What is Digital Sustainability and How Does It Support the SDGs?
2024-09-28, 13:30–14:00 (Europe/Zurich), Main Stage

When considering sustainability and digitality, the focus often falls on the extractive practices for rare resources and the power consumption of data centers, streaming services, and AI compute. While acknowledging these issues, it’s also crucial to consider how digitality and our own practices can support sustainability goals. The evolving concept of digital sustainability provides criteria and guidelines for positive digital practices.

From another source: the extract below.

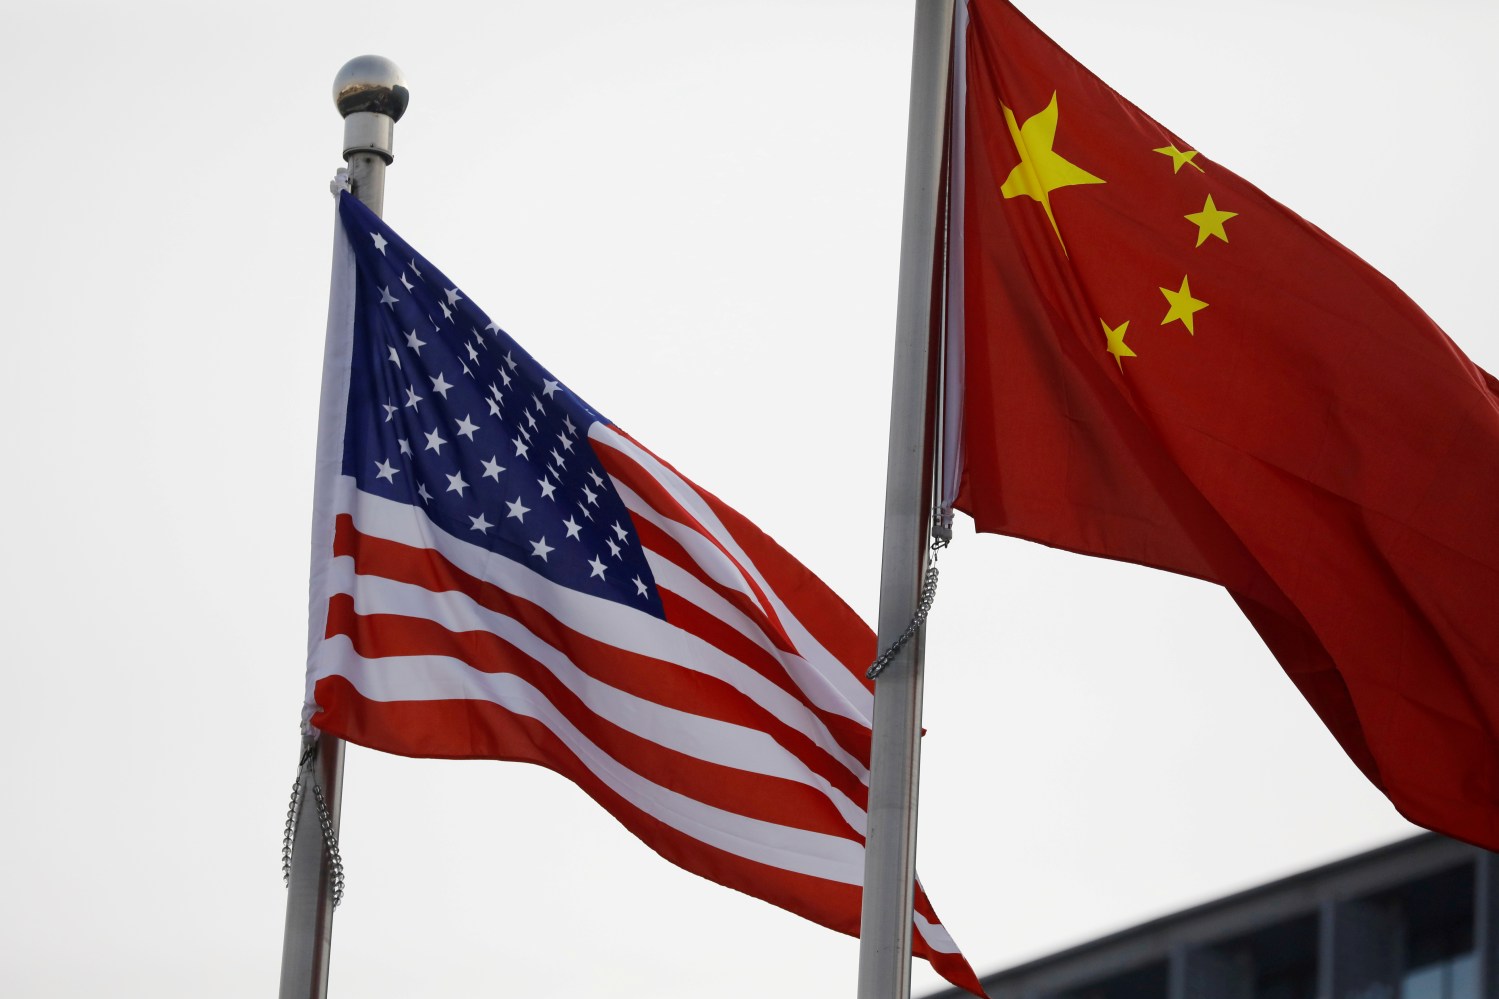 FILE PHOTO: Chinese and U.S. flags flutter outside the building of an American company in Beijing, China January 21, 2021. REUTERS/Tingshu Wang/File Photo/File Photo

This presentation will explore what digital sustainability is and how digital practices can align with the Sustainable Development Goals (SDGs), complementing the ecological view that focuses on the resource demands of digital technologies. Digital sustainability extends beyond immediate environmental impacts to consider how digital tools can foster innovation, improve education, and increase access to information, all critical for sustainable development. By examining the intersections between digitality and sustainability, the talk will highlight the pivotal roles individuals and higher education institutions (HEIs) can play in advancing digital sustainability.

The talk will trace the emergence of digital sustainability as a concept and its relationship to open source software, open data, and the commons. It will also ask how higher education institutions can integrate digital sustainability into their curricula, research, and operations, and how individuals can support these goals through their digital practices. By rethinking our approach to digital technologies, we can enhance our sustainability efforts and inspire participants to contribute to a more sustainable future.

Birk Weiberg is Project Head for Interdisciplinarity and Transformation and Lecturer in the program Data Design + Art at the Lucerne School of Design, Film and Art. He studied Art History, Media Arts, and Philosophy at the Karlsruhe University of Arts and Design and the Humboldt University of Berlin and gained a doctorate from the University of Zurich with a dissertation on the history of optical effects in Hollywood. He worked at the Zurich University of the Arts and Foundation SAPA, Swiss Archive of the Performing Arts.